We are victims of the culture of claptrap and dead psyche

The top brass around power is either a cocktail of perfect dissemblers, or they are simply dead. Whatever the case, they are to be pitied. “We are the dead,” Winston Smith says at the moment of rapture in George Orwell’s Nineteen-Eighty-Four. An invisible metallic voice frightfully echoes him in affirmation, “You are the dead.” Kenya’s crème de la crème frightens you with the thought that they are dead. Do we seem to have lost all capacity to interrogate things, to see issues in perspective? Or, perhaps, we just never had the ability in the first place? We have always subscribed to the school that says, “Ignorance is strength.” Where we are not genuinely ignorant, we must either feign ignorance, or force it – especially in pursuit of narrow political correctness.

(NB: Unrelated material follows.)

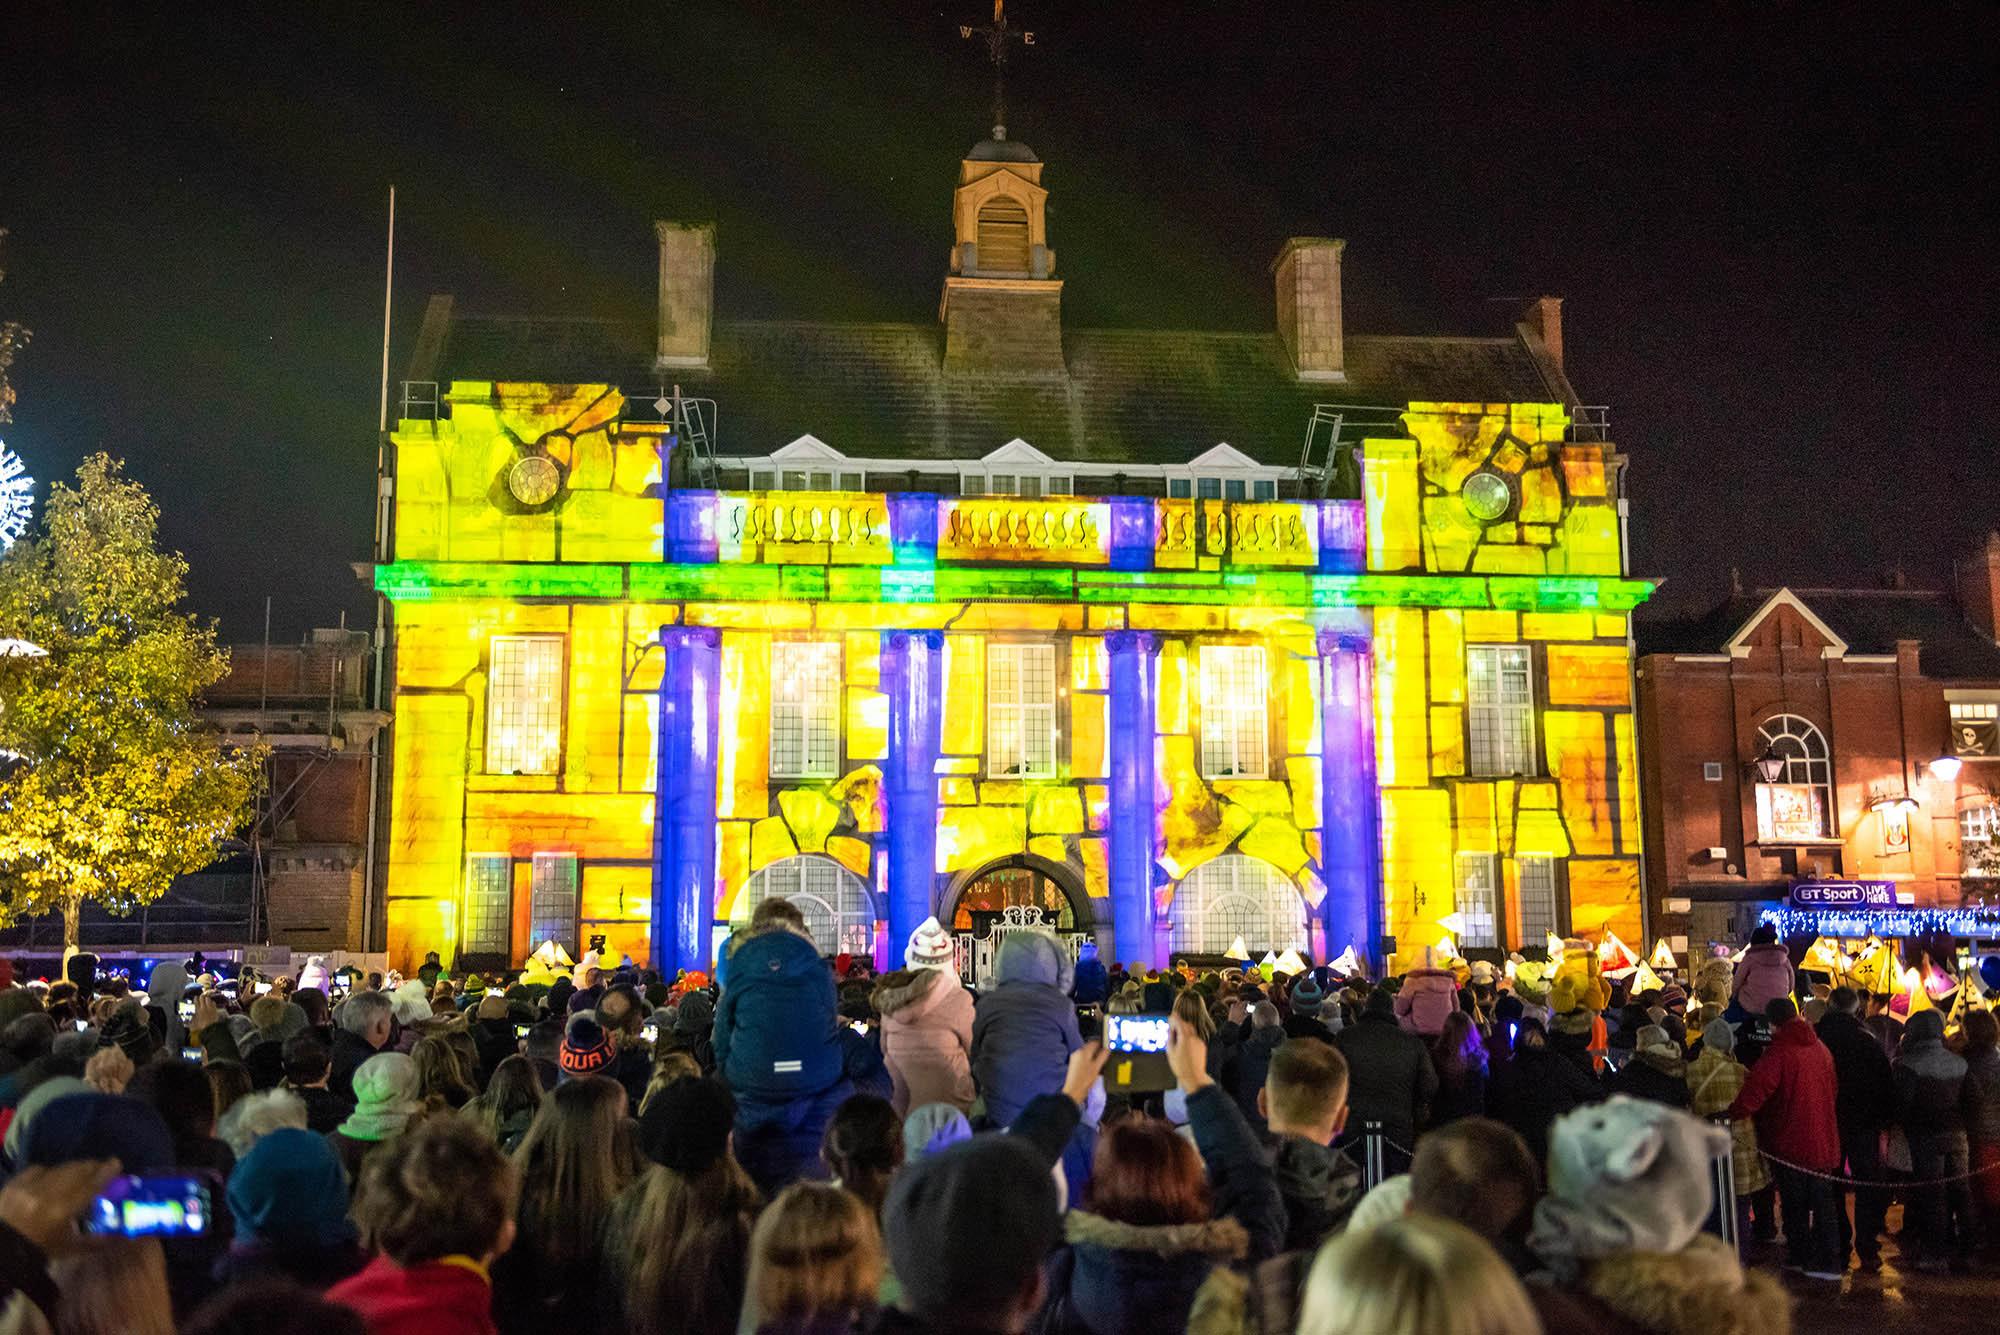 Lumen Light Festival, Projection on Municipal Hall, Christmas show

We have watched two appalling claptrap events this week. It does not seem politically correct, of course, to talk about the awkward and anxious moment in Mathira, when the nation’s psyche was on the burial of Nyeri Governor Nderitu Gachagwa. President Kibaki had an awkward moment with his speech. He got people of conscience worried. And I kept wondering where his speechwriter was, or what he had done with the speech. This was no way to treat Mzee Kibaki. He was let down badly. Yet the notables around him went on clapping amid the awkwardness. The less said the better. Suffice it to say this serves to demonstrate that we are a claptrap nation. We will clap because we think everybody is clapping.

But Nyeri was nothing, compared to Naivasha and Turkana. President Uhuru Kenyatta was in his element, flying off the handle. At a time when everybody thought the injurious matter of the doctors’ strike was coming to an amicable end, the President went into a frightful and unprovoked outburst with threats and innuendo. Without weighing the meaning of the new trajectory in the impasse, the crème de la crème assembled in Naivasha went into a frenzy of laudation.

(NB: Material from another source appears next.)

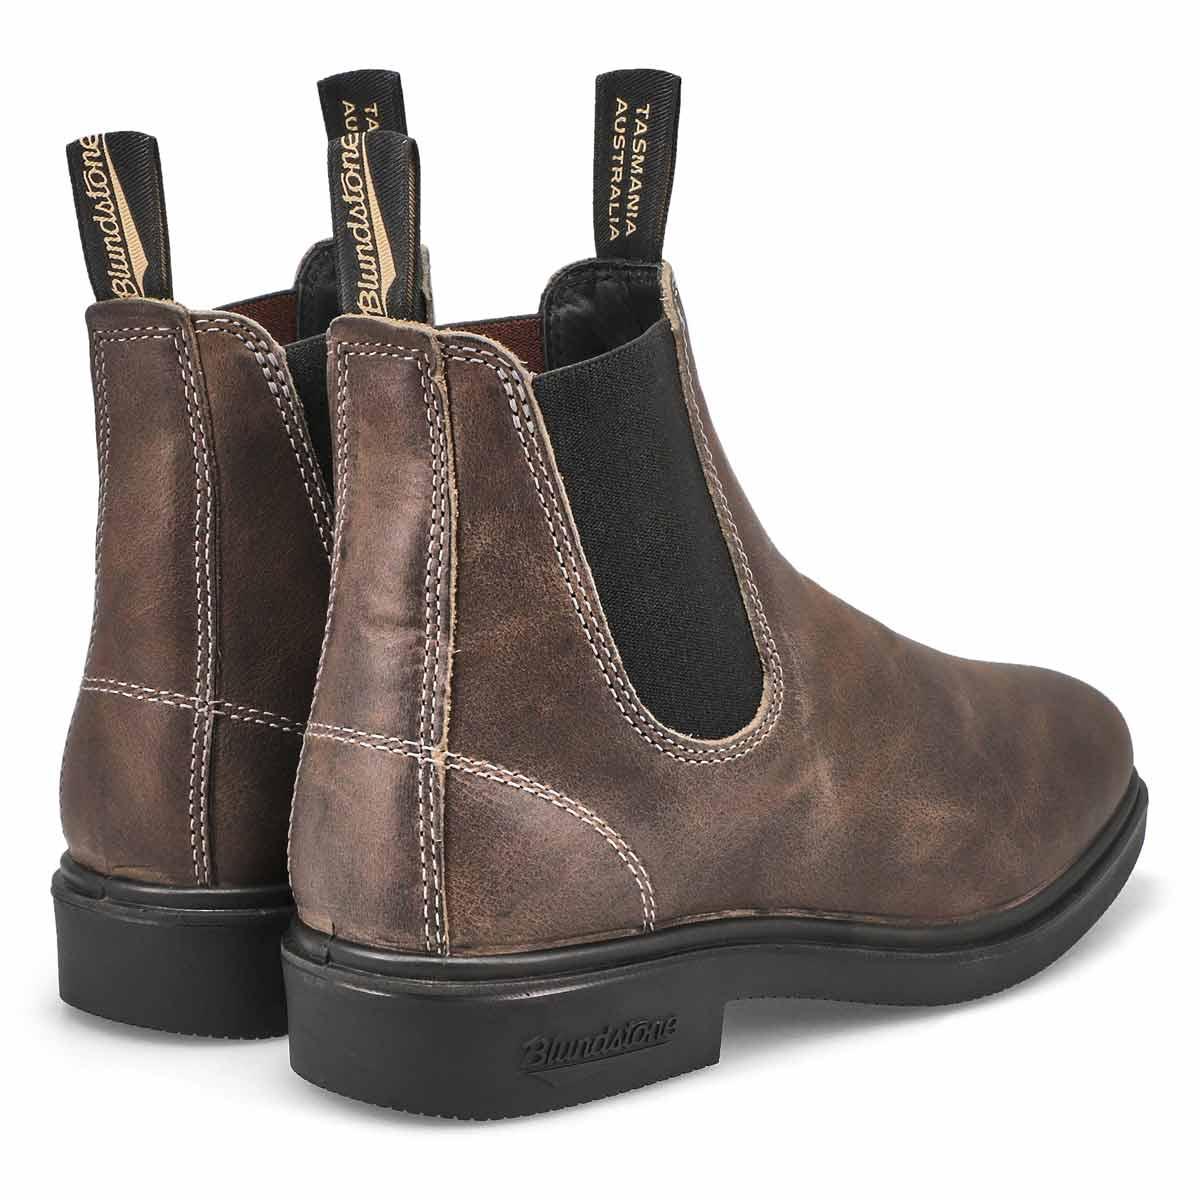 Unisex 1395 Chisel Toe Boot - Grey

Elsewhere in Turkana, an angry President told the people to keep their votes if they thought they could “blackmail him” with the votes. Their sin was to question the agenda of his government in Turkana. The dignitaries with the President thought this merited a huge round of applause. Others have gone on to justify this in public space. Such are the people referred to in social science as “useful idiots,” justifying the unjustifiable. We see such things all the time. The doctors’ strike has been handled poorly from the outset. An arrogant government and a rigid union have stuck on to their puerile egos. Such is the reward of having untested and unproven youth in government and in the unions. They lack the temperament to deal with heavy issues.

When they say “the government,” it is not difficult to imagine what they mean. It cannot be the paper tigers that have been meeting with the health union officials. These “tigers” have no mandate to conclude anything with anybody. They have only wasted everybody’s time, knowing very well that they could not close any deal with the doctors, without express permission from the very top. Kenyans have been treated to a futile charade from the Executive. You expect that everyone knows this. Yet we pretend not to.

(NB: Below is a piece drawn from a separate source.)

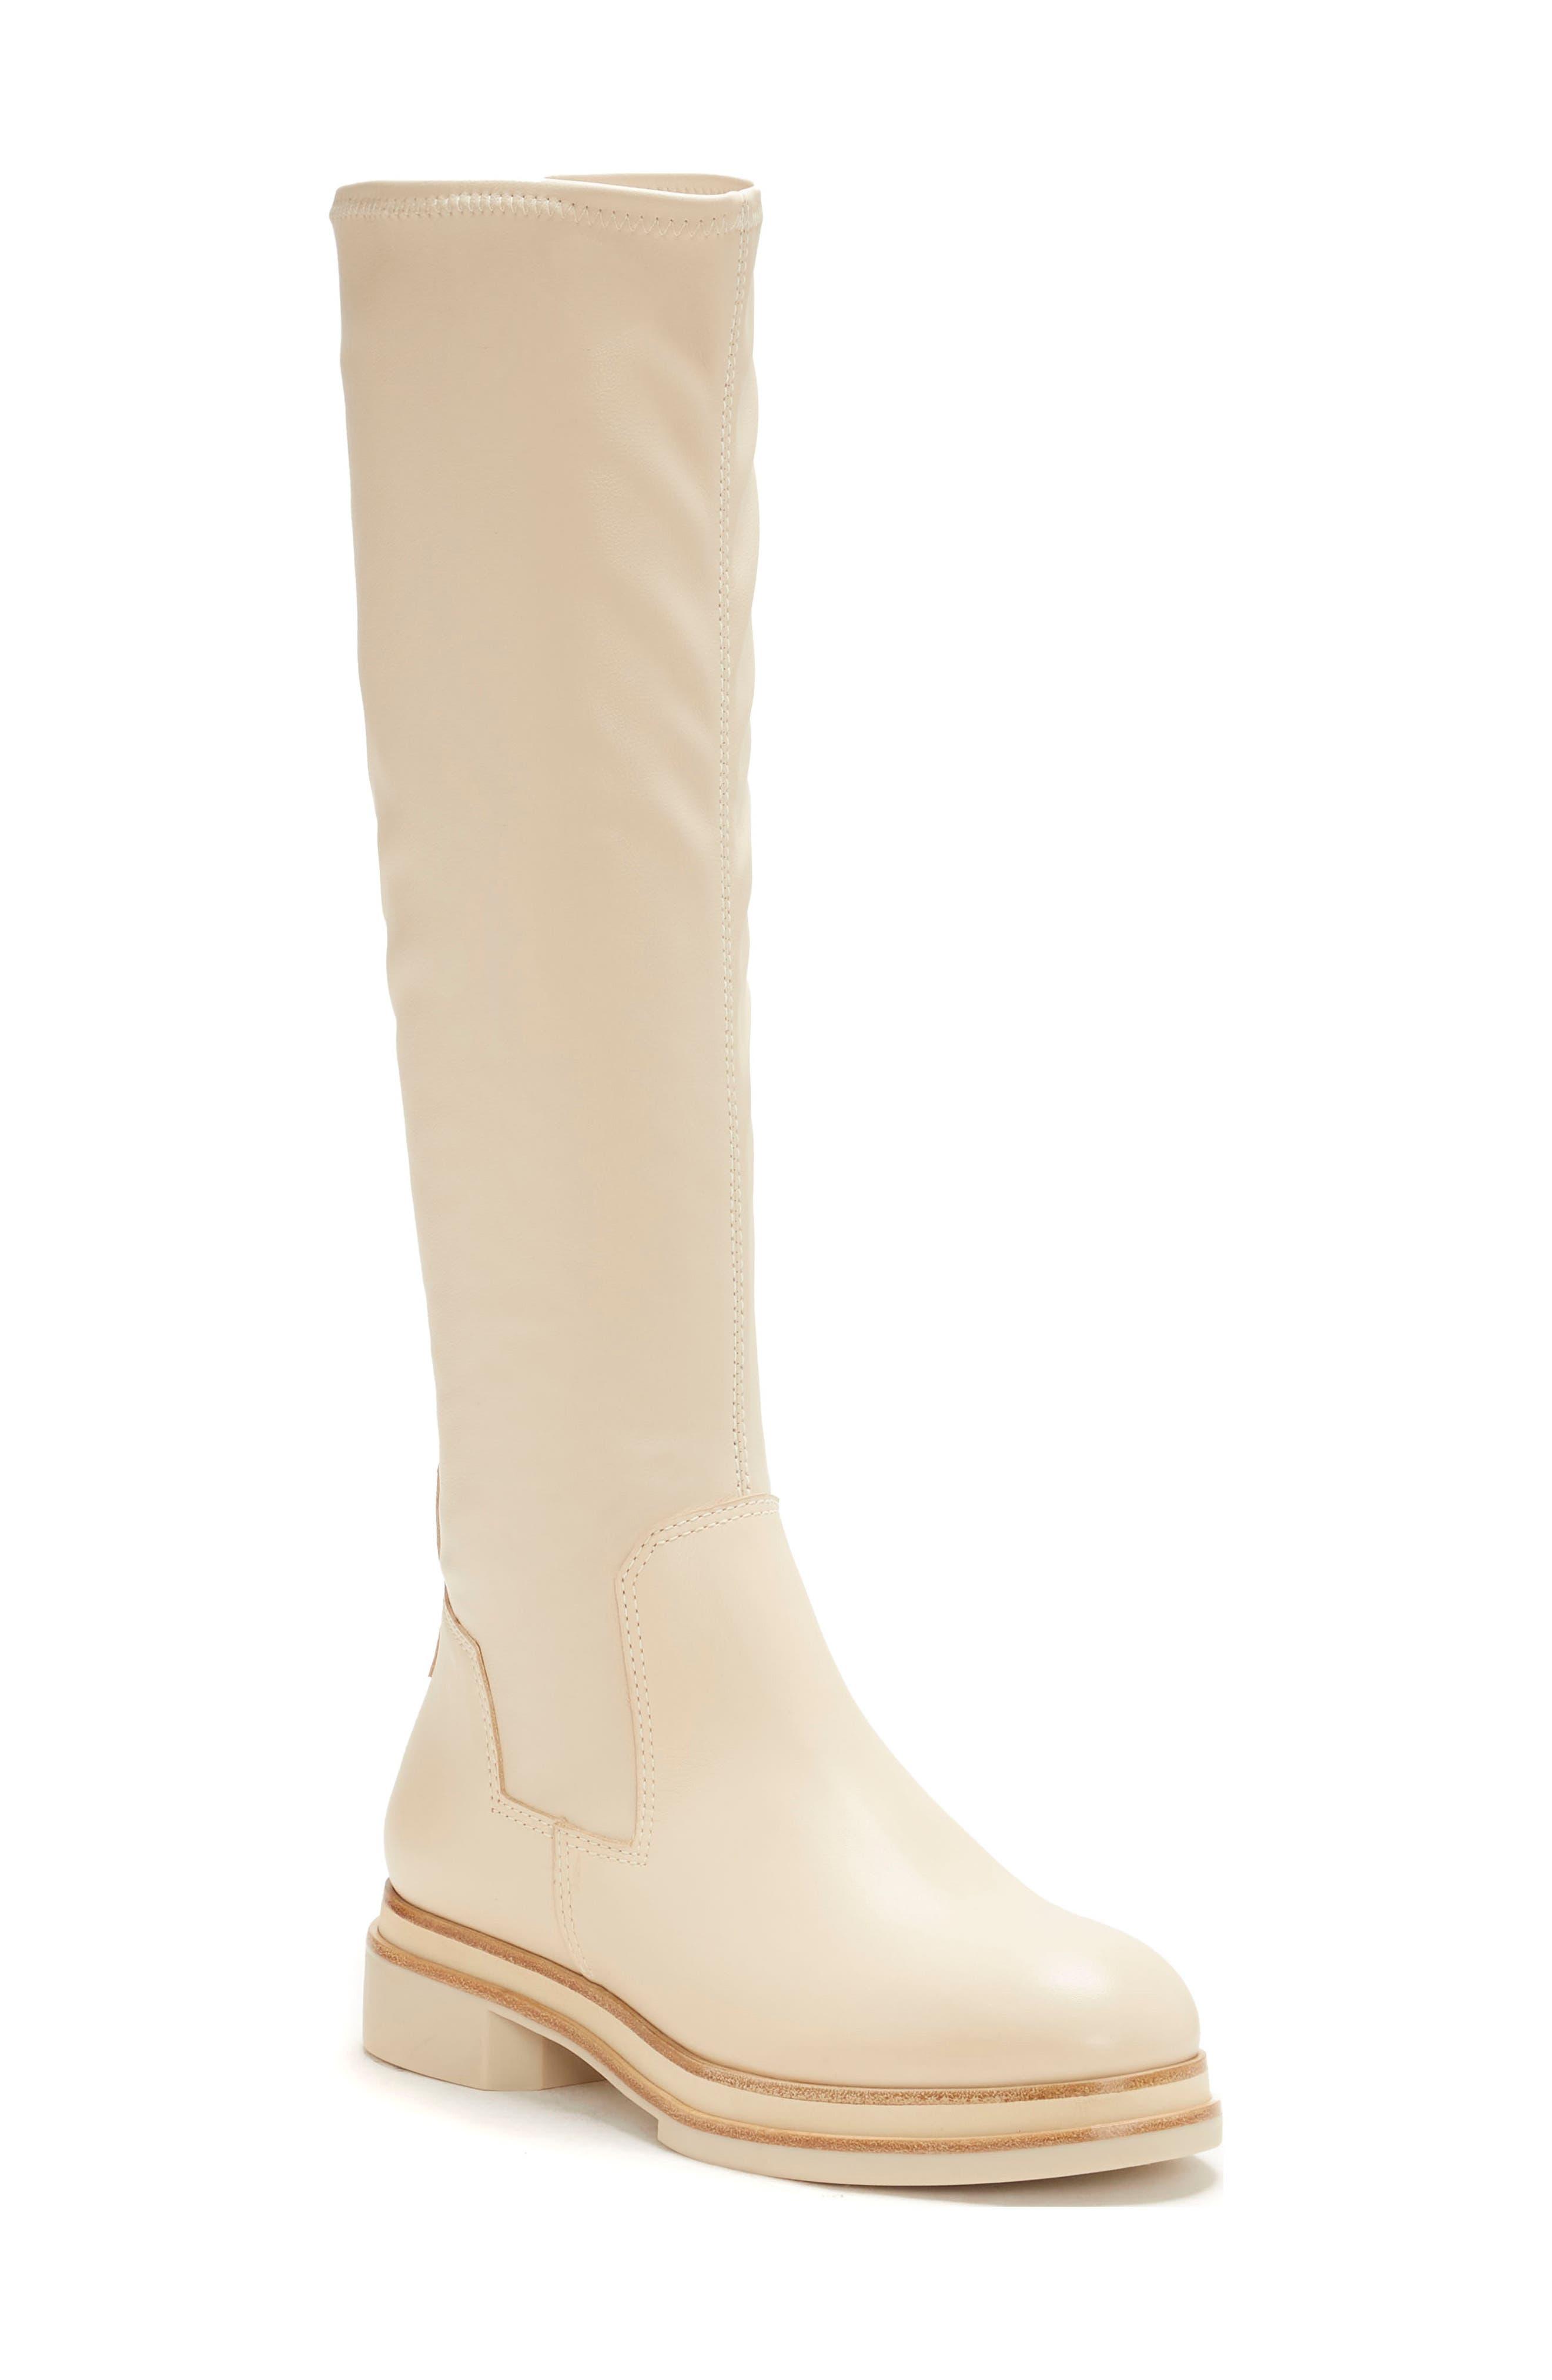 Tiley Boot

Either we are plain dishonest, or we have cold porridge where brains should sit. We have surrendered our intellect to priests of power and gods of instant gratification.

Because of the immediate benefits that we hanker for from those who exercise power, we close our eyes to reality. We shy away from speaking the truth to power. We wait, instead, to clap when the President goes off the handle with ultimatums that are doomed to fail. The intellectual population around power has allowed itself to be part of a massive great unwashed. It has sunk into a mob of plebs who genuinely believe the government has been negotiating with the doctors. What then is the worth of the education we have had? The great scholar will be writing in the press and speaking on TV and radio, praising the President for “telling off the doctors.”

This intellectual is merely a mouth that utters and a hand that writes whatever is demanded of it. If he has any concern, it is limited to finding out what is desired of the mouth to say and the hand to write. This is why the strike has gone on for three months now. University dons, for their part, are in the second month of a strike. This seems normal in our country. Those who should advise the President are meanwhile waiting to read his lips and echo them, to clap wildly and laugh uproariously.

In the end, we are victims of the culture of official claptrap and dead psyche. Even when it is so obvious that the situation does not merit a celebration of any kind whatsoever, we outdo ourselves. Rational thinking is too dangerous for us. We have, therefore, refused to think. Orwell says of us, “The mind should develop a blind spot whenever a dangerous thought presents itself. The process should be automatic, instinctive. Crimestop, they called it.” The intellectuals around power have therefore consciously surrendered the power of intellectual effort to an instinctive mental block.

Intellectuals have won the victory over themselves and are comfortable in a zombie role, flowing with the crowd. Martin Luther King would say in the essay Rediscovering Lost Values, “Most people can’t stand up for their convictions, because the majority of the people might not be doing it.

Everybody is not doing it, so it must be wrong. And since everybody is doing it, it must be right . . . We have adopted a sort of relativistic ethic.” Orwell caps it, “Sanity was statistical. It was merely a question of thinking as they (everybody else) thought.” If you want to hide the truth, hide it from yourself.